::: Entries supplied :::

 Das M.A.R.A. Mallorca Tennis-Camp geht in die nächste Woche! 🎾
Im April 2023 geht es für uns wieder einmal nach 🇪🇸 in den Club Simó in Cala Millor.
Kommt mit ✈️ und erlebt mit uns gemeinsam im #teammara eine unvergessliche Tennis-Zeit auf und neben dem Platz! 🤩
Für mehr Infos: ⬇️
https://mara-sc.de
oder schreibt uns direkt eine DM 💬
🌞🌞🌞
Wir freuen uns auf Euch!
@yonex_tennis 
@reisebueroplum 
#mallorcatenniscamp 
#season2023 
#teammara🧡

:::
::: Entries supplied :::

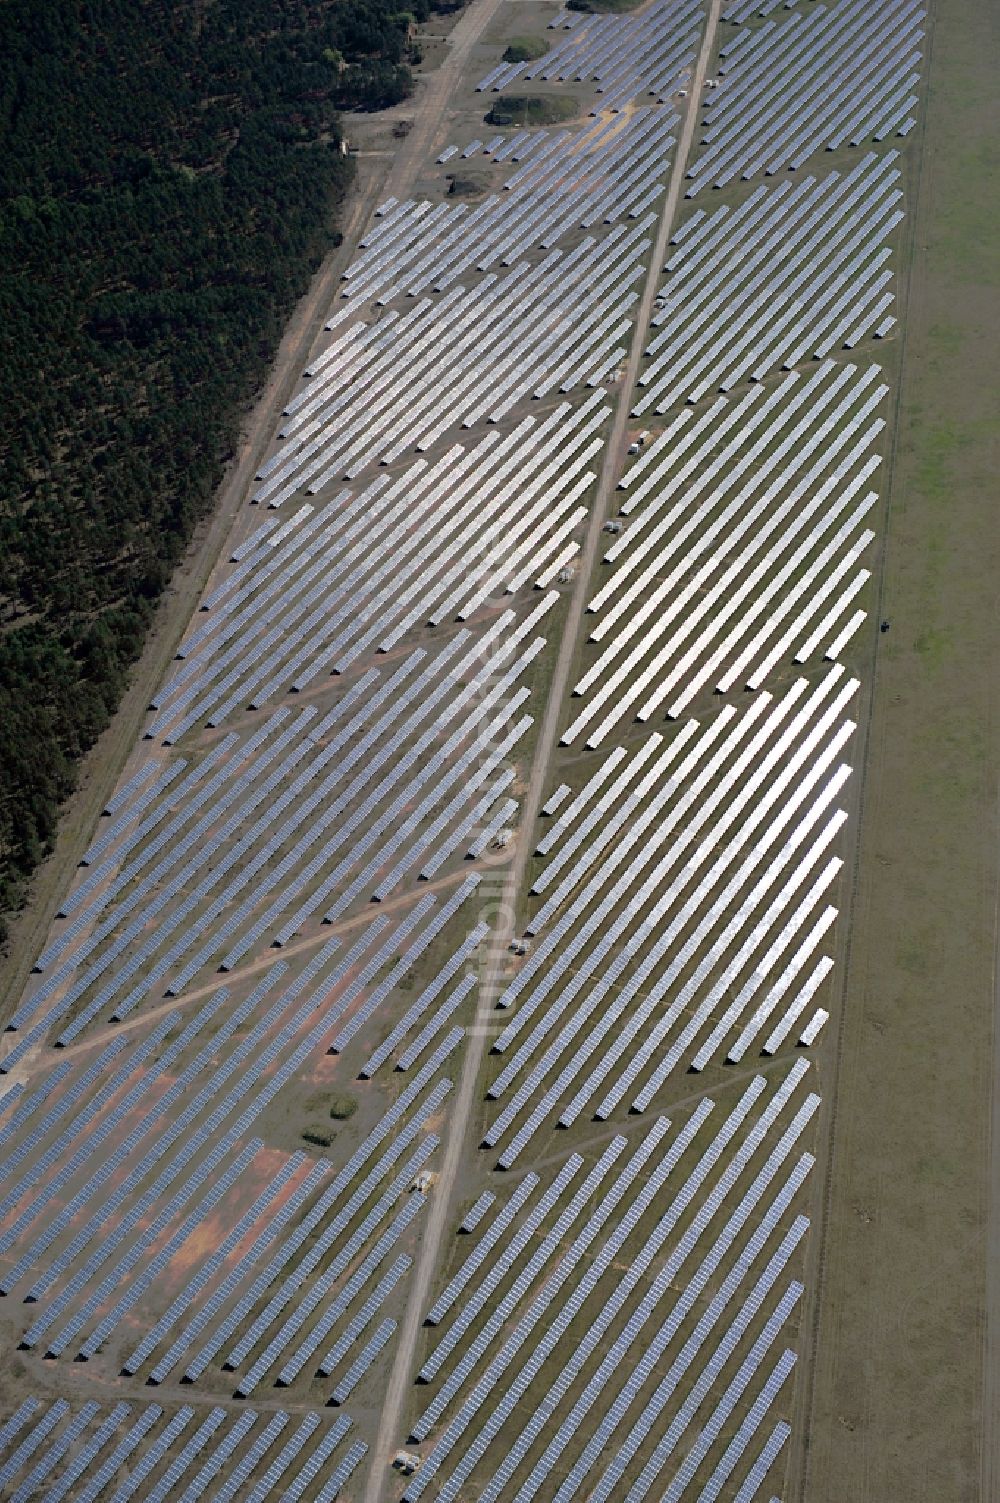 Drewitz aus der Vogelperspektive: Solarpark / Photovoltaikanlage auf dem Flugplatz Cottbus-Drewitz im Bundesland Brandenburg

:::
::: Entries supplied :::

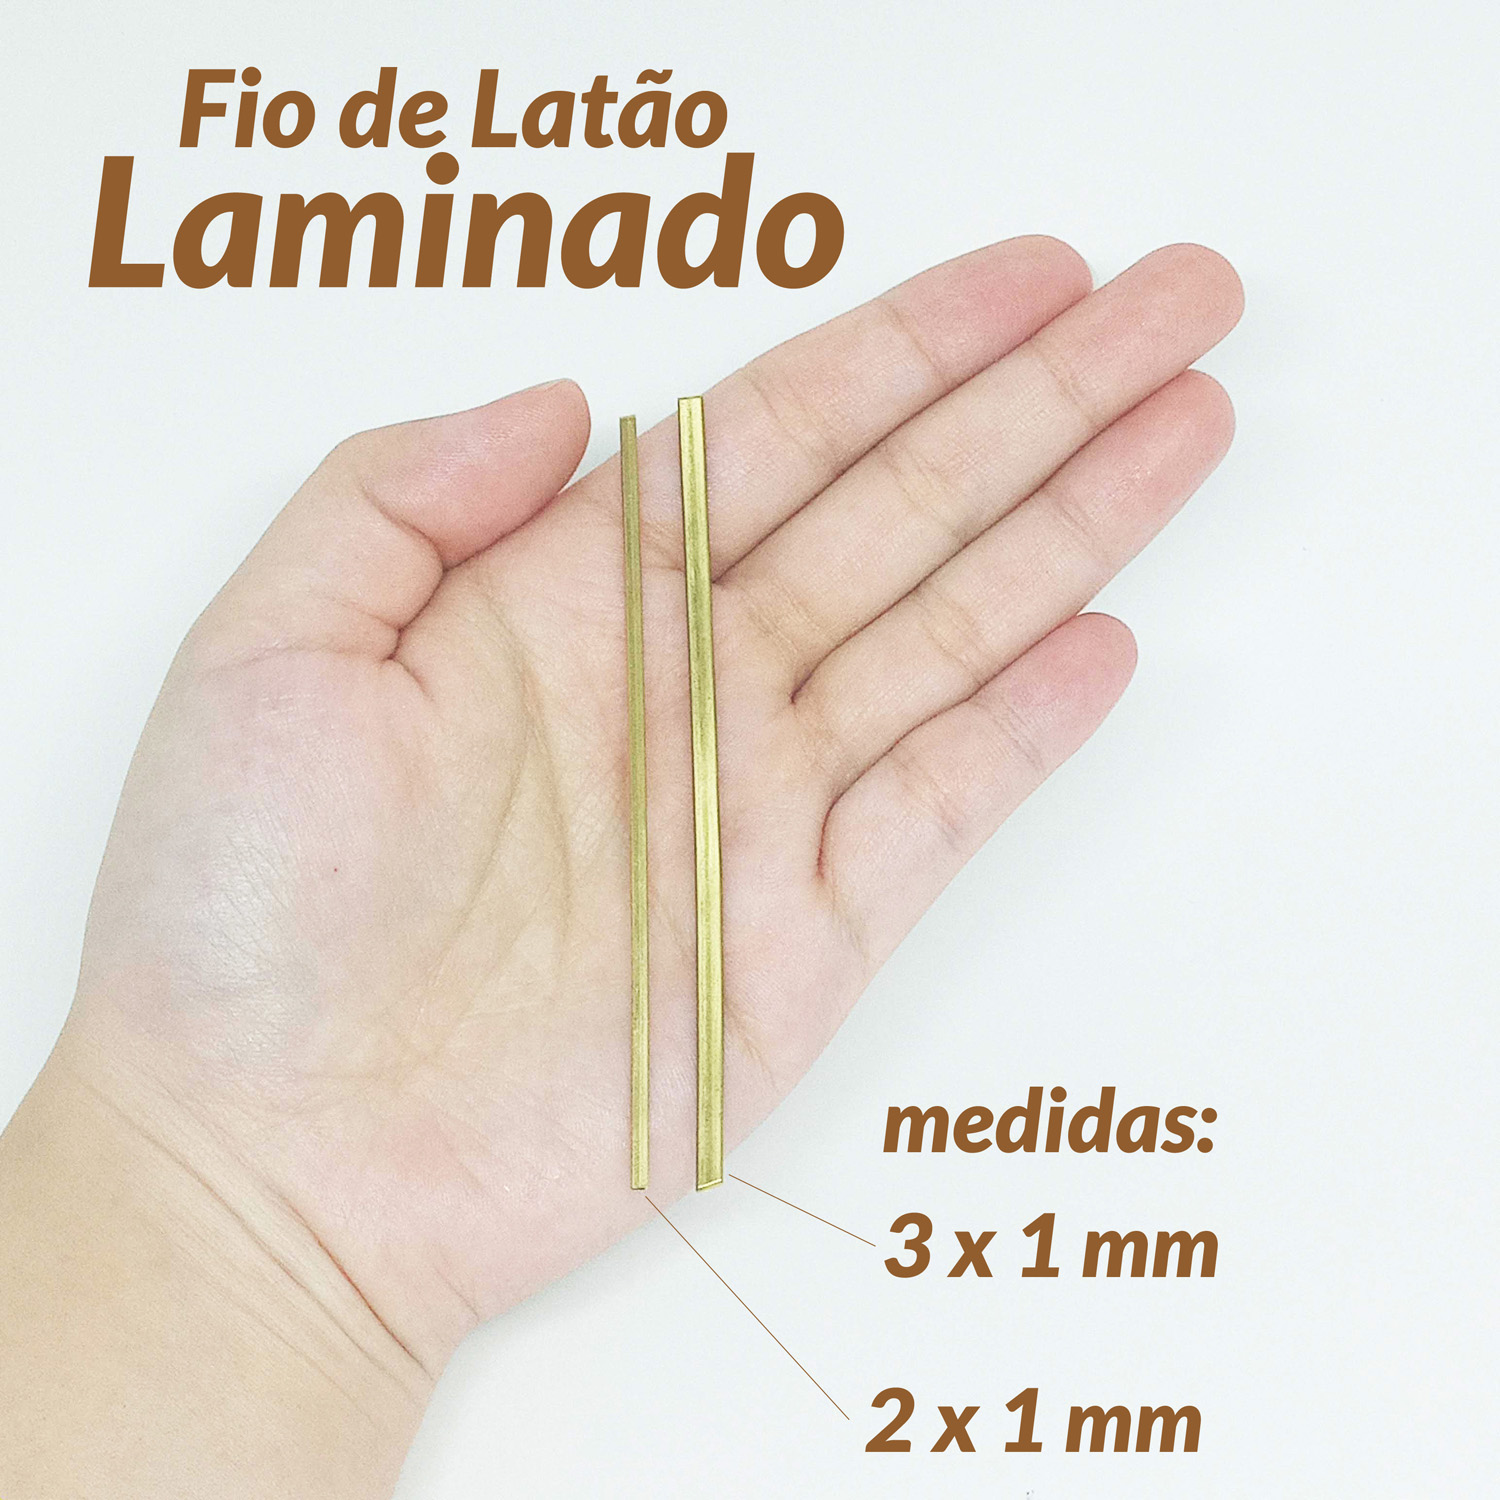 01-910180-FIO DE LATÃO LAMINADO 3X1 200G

:::

## The task
Word for word, restate the lines of the data above that fall between the line holding "Das M.A.R.A. Mallorca" and the line holding "Wir freuen uns auf Euch!", inclusive, and no other lines.

## Final answer
 Das M.A.R.A. Mallorca Tennis-Camp geht in die nächste Woche! 🎾
Im April 2023 geht es für uns wieder einmal nach 🇪🇸 in den Club Simó in Cala Millor.
Kommt mit ✈️ und erlebt mit uns gemeinsam im #teammara eine unvergessliche Tennis-Zeit auf und neben dem Platz! 🤩
Für mehr Infos: ⬇️
https://mara-sc.de
oder schreibt uns direkt eine DM 💬
🌞🌞🌞
Wir freuen uns auf Euch!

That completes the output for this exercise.